The pulp slurry is first carried to brown stock washers 28, where preferably substantially all of the remaining lignin and spent digestion chemicals are removed from the fibers. In FIG. 1A, four washers are illustrated. Typically, this is the number of washers that would be used for the batch digester. The washing section of a continuous digester may replace the first two brown stock washers. Each of the washers is usually a vacuum or pressure drum washer or vacuum or pressure drum filter and the operation of each is the same and well known. The operation of a vacuum or pressure drum washer will be described. Some of the washers may, however, be diffusion washers in which case, the pulp slurry would not be diluted prior to entering the washer.
Pulp slurry from line 24 enters vat 30 of washer 31. Vacuum drum 32 revolves through the vat, and the vacuum pulls the fibers in the slurry onto the outer surface of the filter drum and holds the fibers, in that form, against the surface. Liquor or filtrate are pulled through the filter cloth to the interior piping of the vacuum drum to be discharged as effluent. The revolving drum carries the fiber mat from the vat past a bank of washer heads that spray a weak filtrate onto the mat to displace the liquor from the mat. The vacuum also pulls this displaced liquor into the interior piping of the drum. The consistency of the mat leaving a washer, either the brown stock washers described here or the bleach washers described later, will usually be between about 8 to 15 wt. %.

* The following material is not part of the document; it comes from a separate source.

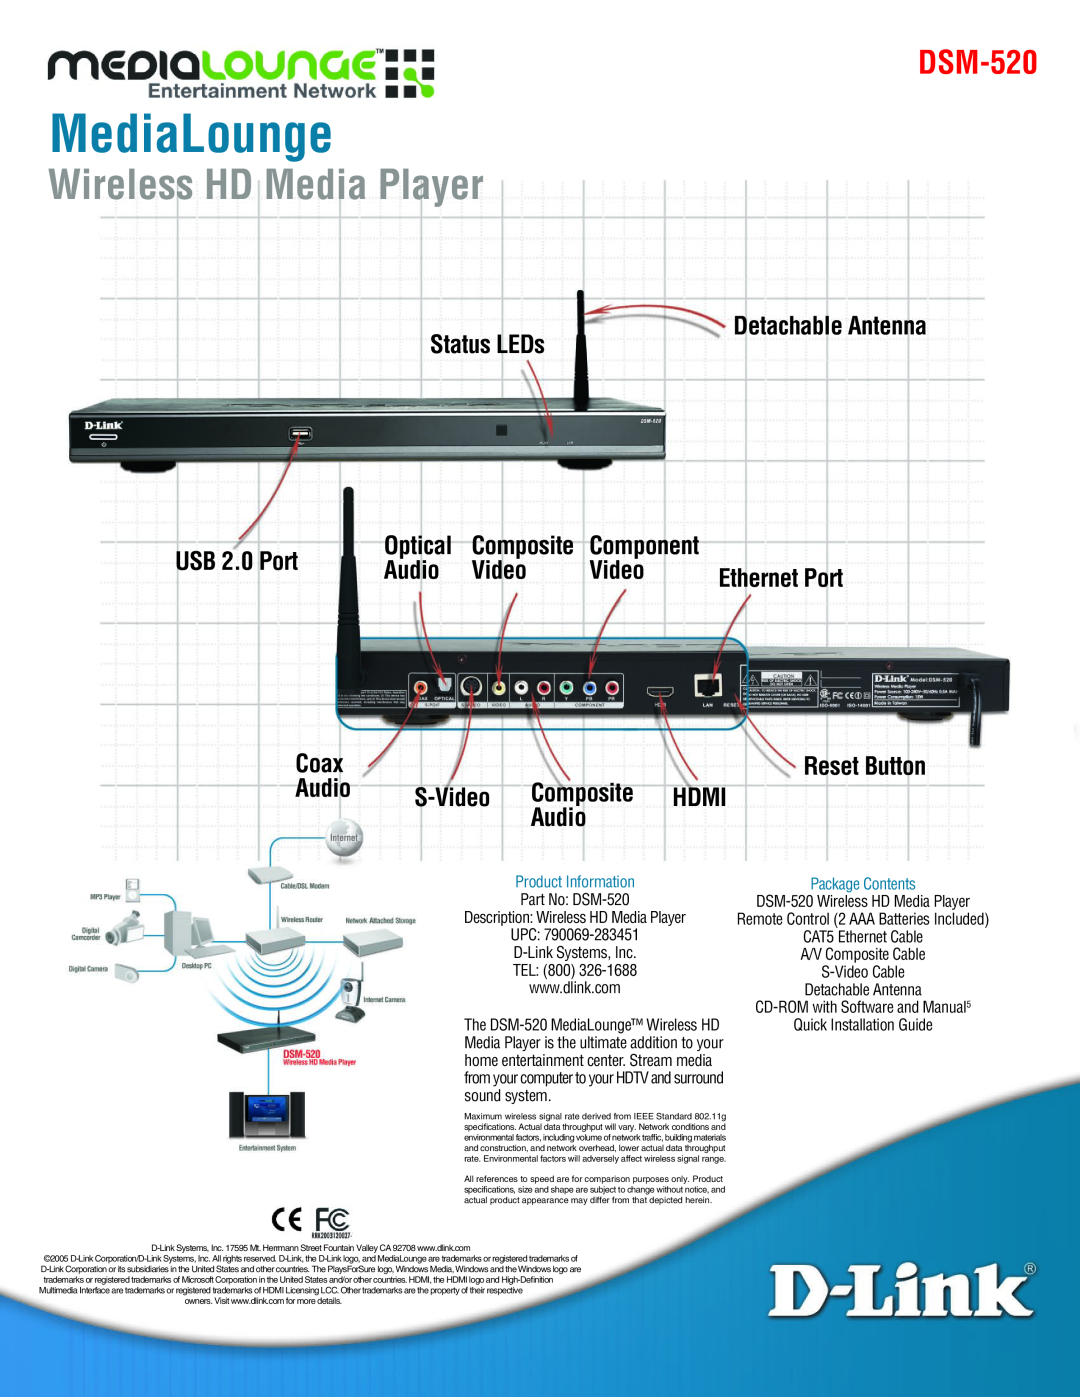 D-Link DSM-520 MediaLounge, Wireless HD Media Player, Status LEDs, Detachable Antenna, USB 2.0 Port, Optical, Audio, Video

Pulp mat 33 is removed from the face of drum 32 by a doctor blade, carrier wires or strings between the drum and the mat, rolls or any other standard manner and carried to vat 50 of second brown stock washer 51. Again, the fibers are picked up on vacuum drum 52 where the mat is washed with still weaker filtrate, removed from vacuum drum 52 and carried to vat 70 of brown stock washer 71. Operation of this washer is the same as the others. In brown stock washer 71, vacuum drum is identified by reference numeral 72 and the mat is identified by reference numeral 73. Mat 73 is carried from brown stock washer 71 to vat 90 of the last brown stock washer 91. Again, the operation of this washer is the same as the others with the vacuum drum being identified as reference numeral 92 and the mat as reference numeral 93.
From the brown stock washers, the pulp mat is carried to storage tank 110 with the aid of stock pump 96. In the lower section of tank 110, the pulp is diluted and then carried through line 111 by pump 112 to screens 113 in FIG. 1B. In screens 113, the larger fiber bundles and knots are separated. The bundles and knots 114 are delivered to further treatment sites.
Pulp 115 is carried from screens 113 to decker 121 where additional water is removed. The operation of the decker is similar to that of the washers and is well understood. Washing showers may or may not be used in the decker. The decker includes vacuum drum 122 and pulp mat 123. The pulp mat 123 is pumped by stock pump 126 to a high density storage tank 140 where the pulp is stored until it is bleached.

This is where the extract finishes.